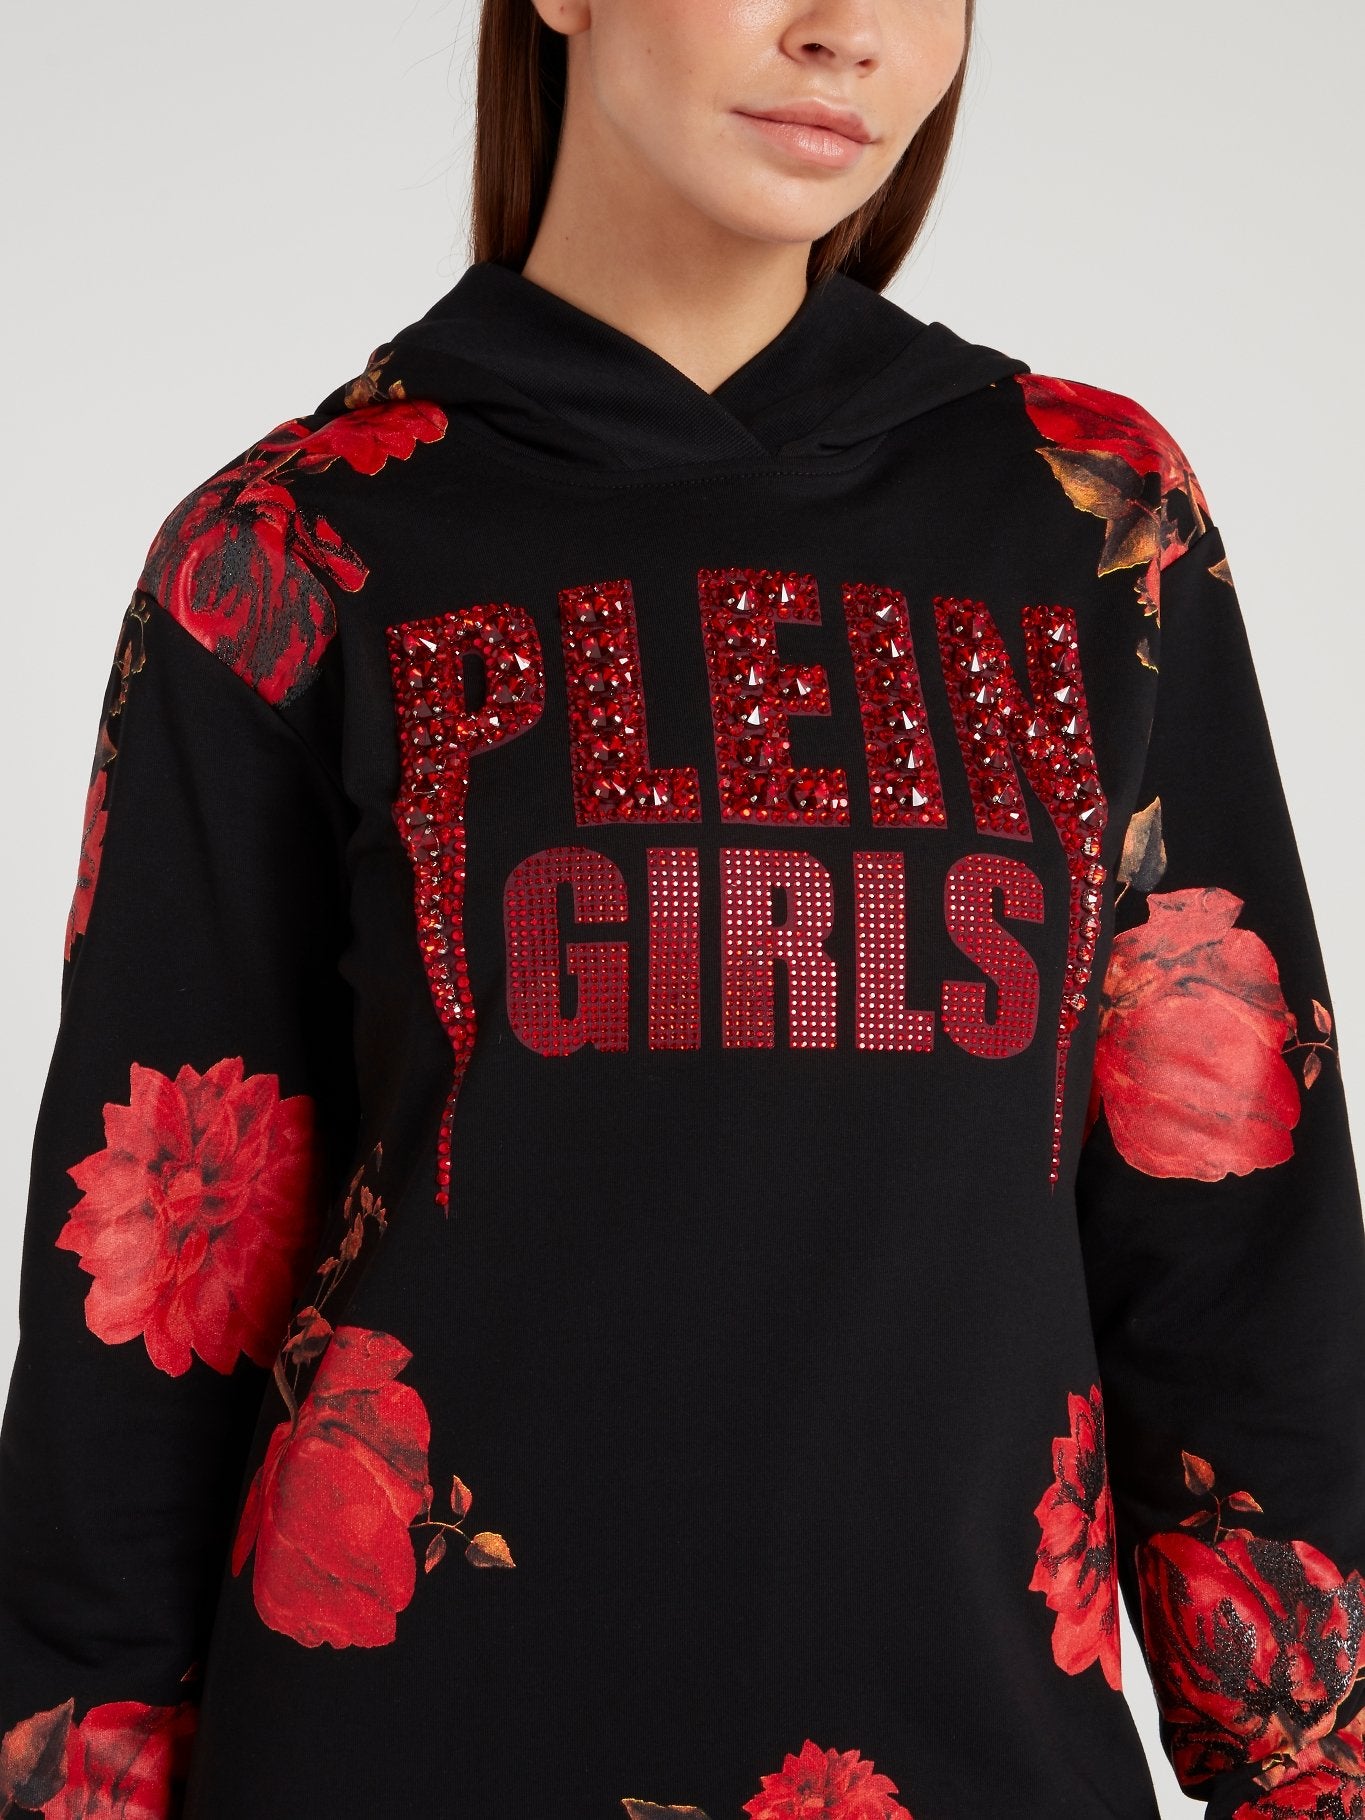 Flower Print Hoodie Sweatshirt
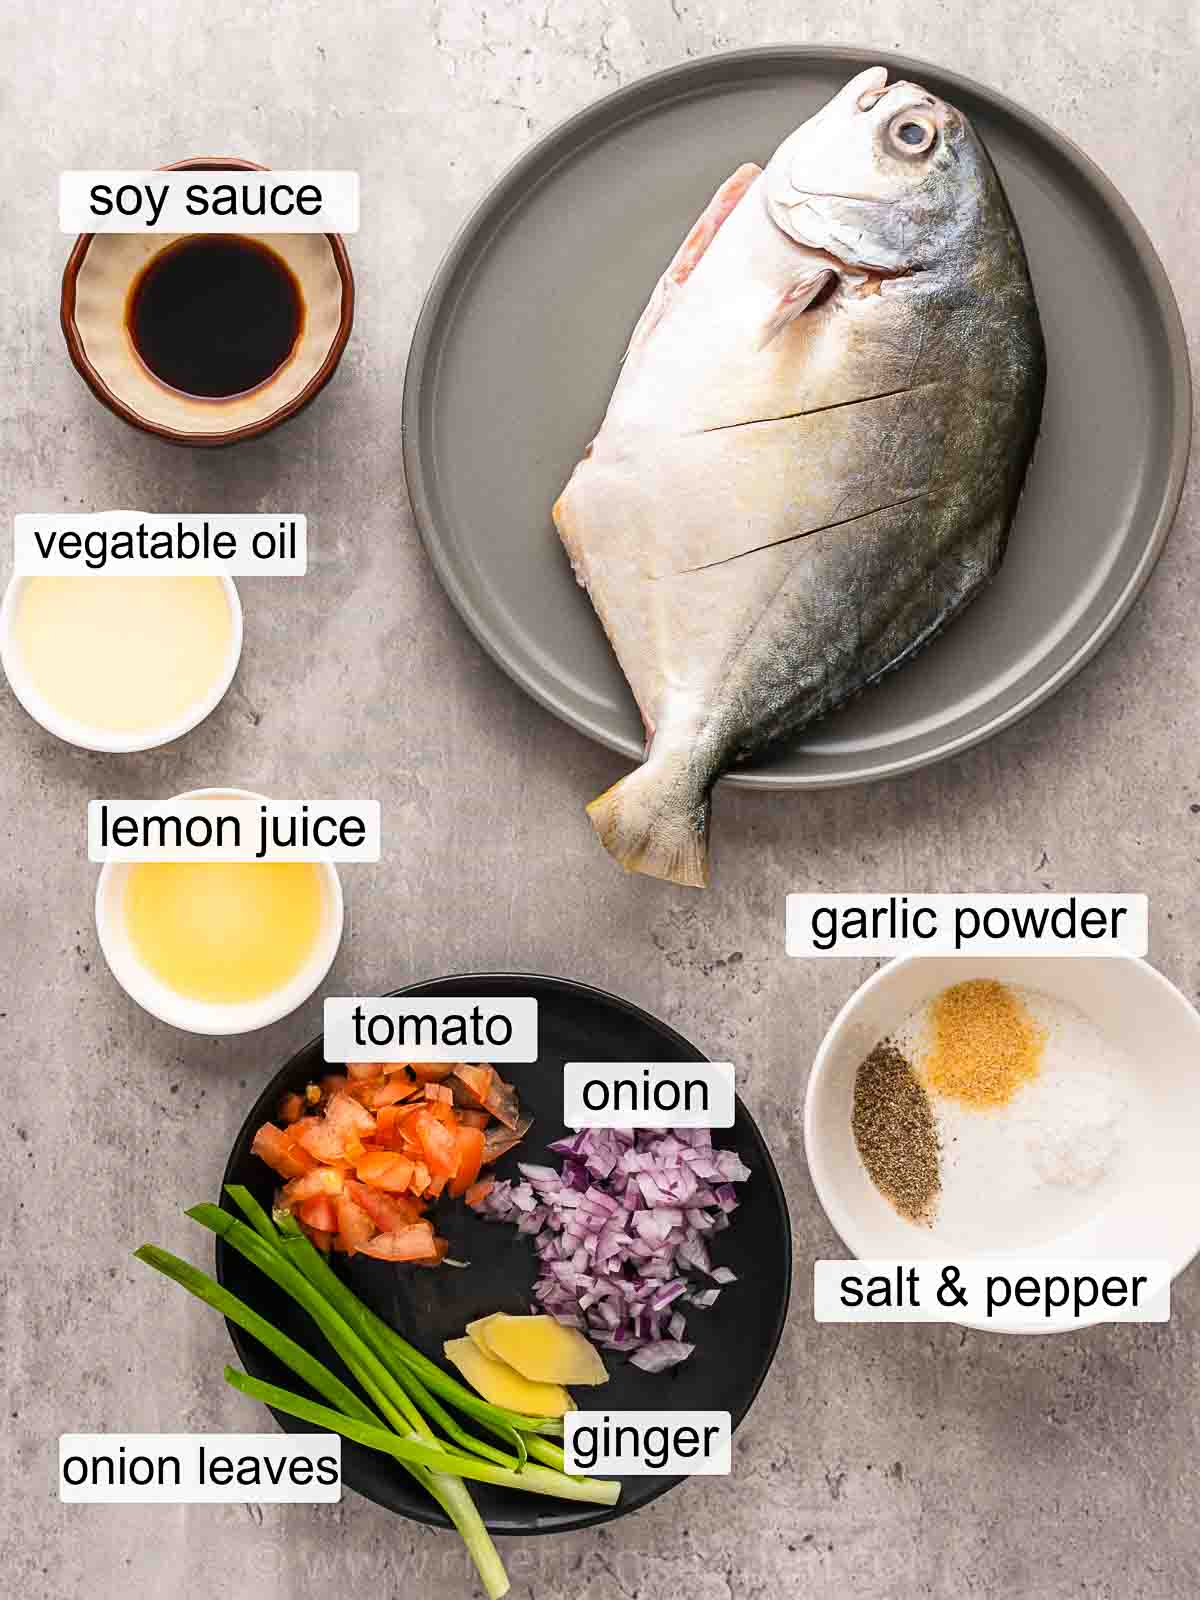 pompano (pomfret fish), vegetable oil, onion, tomato, ginger, lemon juice, salt and pepper.
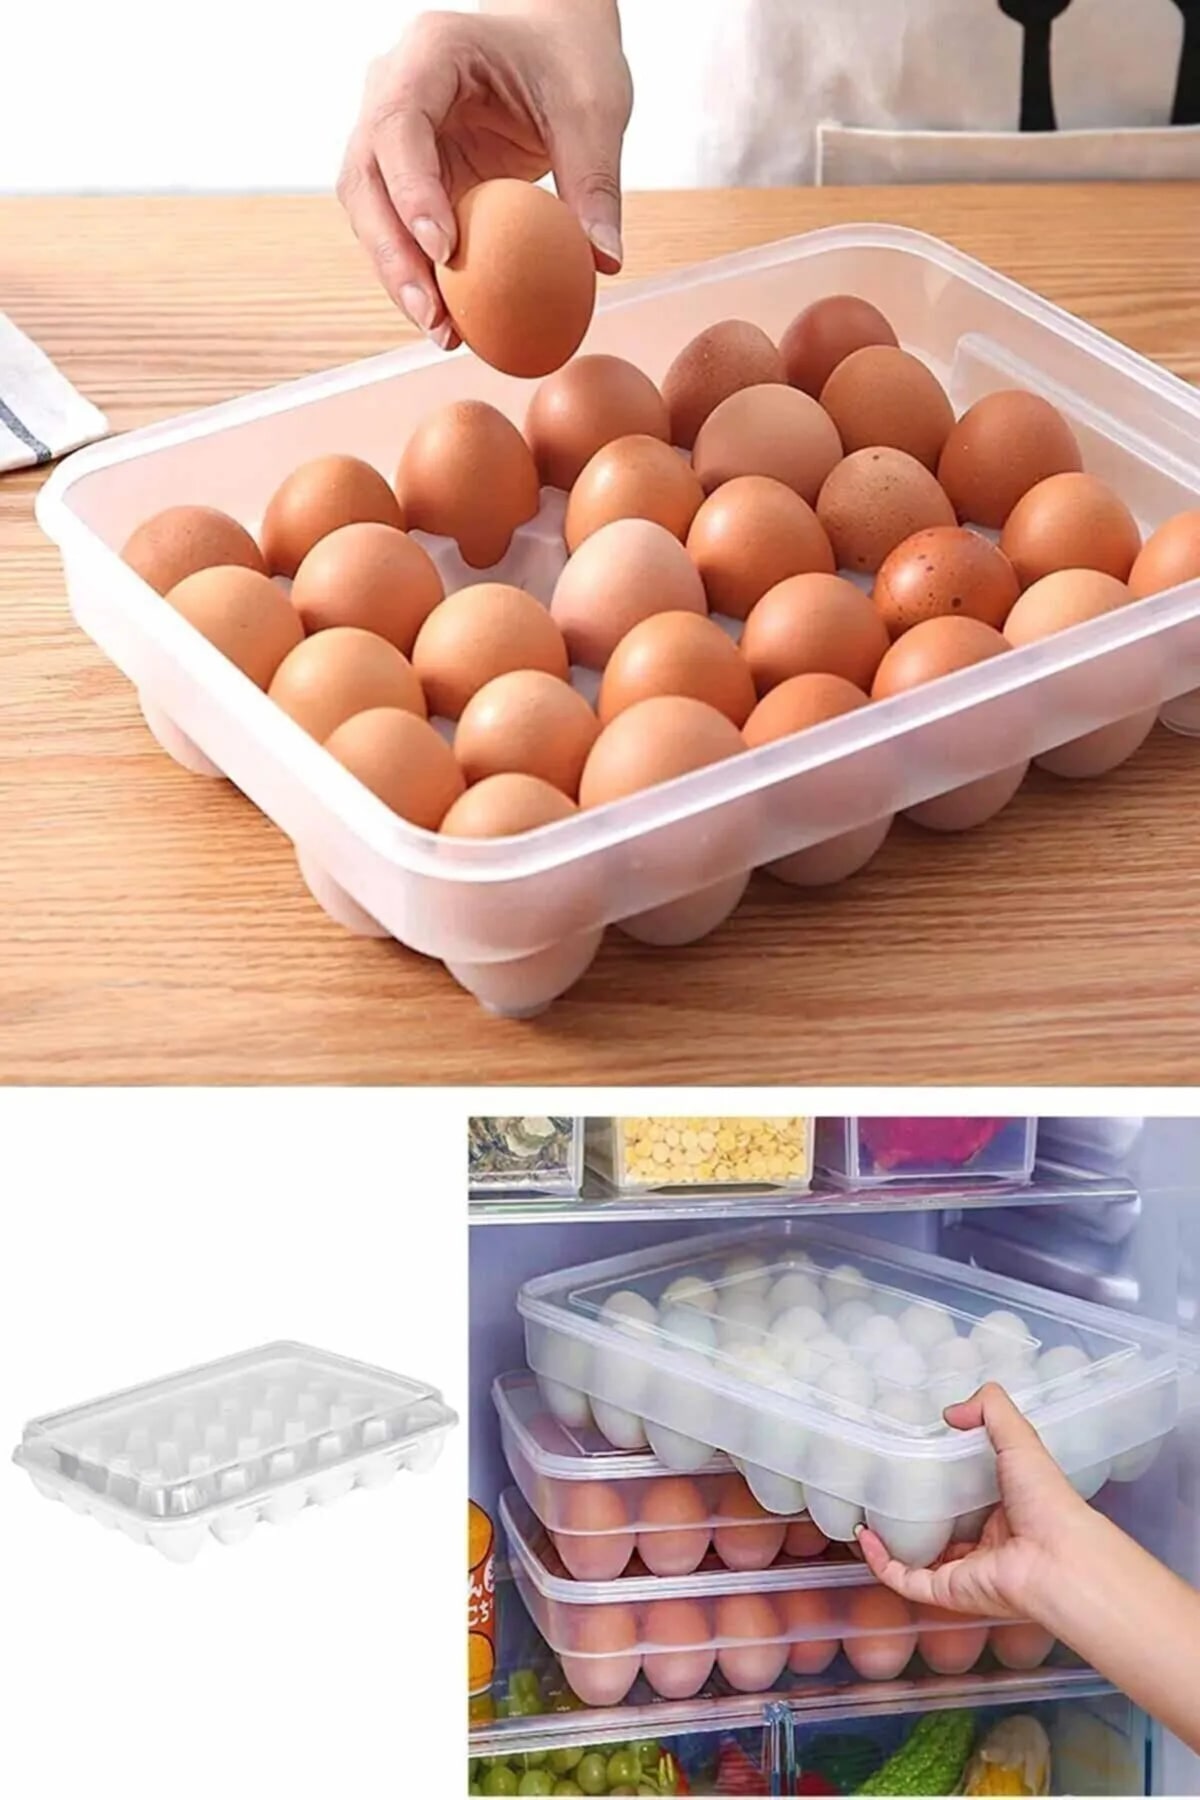 CLZ174 30 Yumurta Kapasiteli Yumurta Saklama Kabı -Kapaklı Pratik Yumurta Saklama Kutusu-Yumurta Organizeri
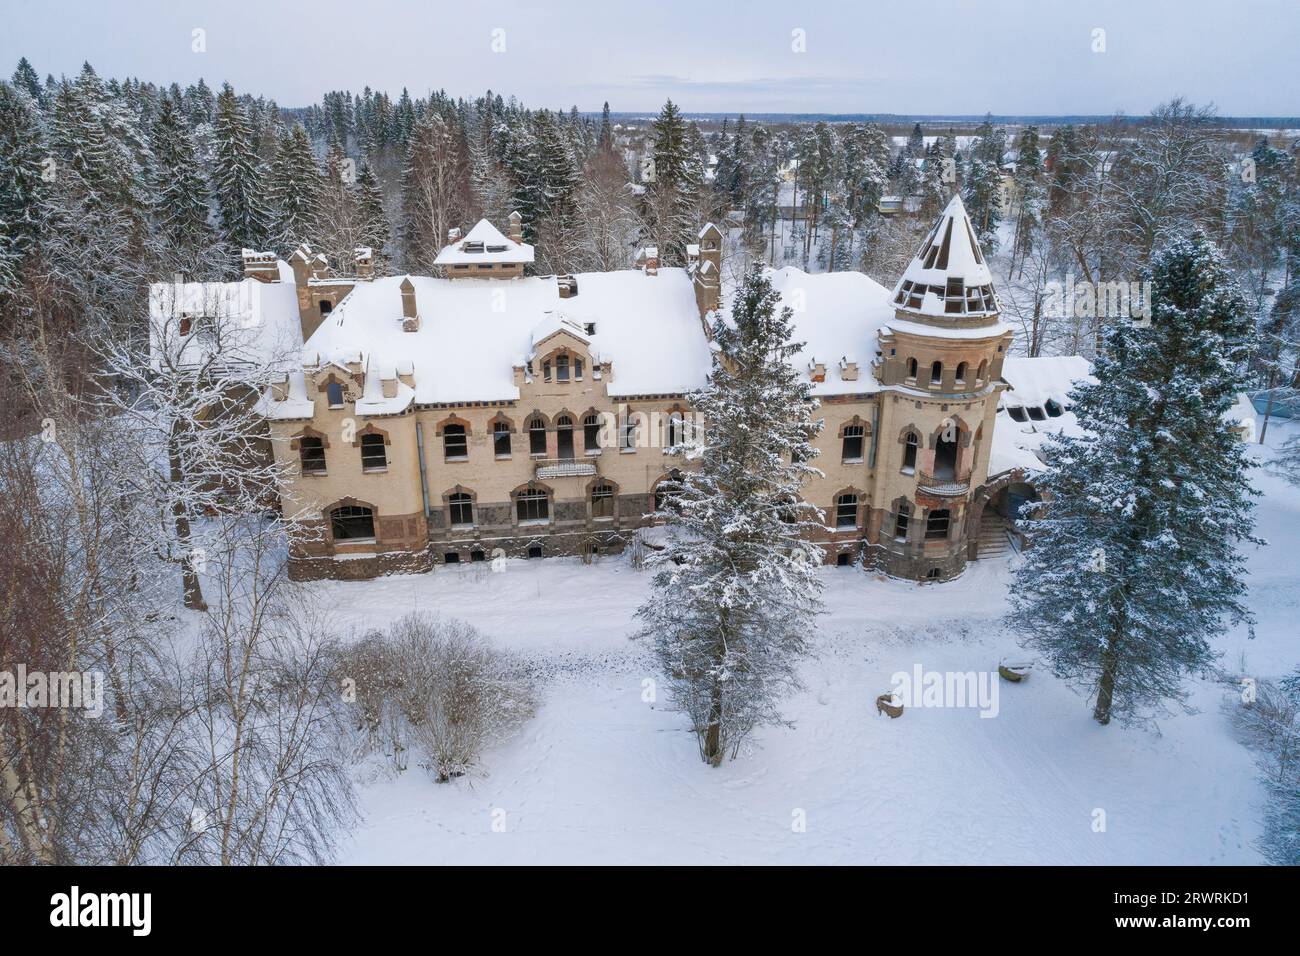 Antica residenza abbandonata della tenuta Eliseev (1912) in un paesaggio invernale (fotografia aerea). Belogorka, regione di Leningrado. Russia Foto Stock

• _To do_
In copying the listing, reproduce each line exactly and omit the pictures.

• _Response area_
 Flower Print Hoodie Sweatshirt
 pompano (pomfret fish), vegetable oil, onion, tomato, ginger, lemon juice, salt and pepper.
 CLZ174 30 Yumurta Kapasiteli Yumurta Saklama Kabı -Kapaklı Pratik Yumurta Saklama Kutusu-Yumurta Organizeri
 Antica residenza abbandonata della tenuta Eliseev (1912) in un paesaggio invernale (fotografia aerea). Belogorka, regione di Leningrado. Russia Foto Stock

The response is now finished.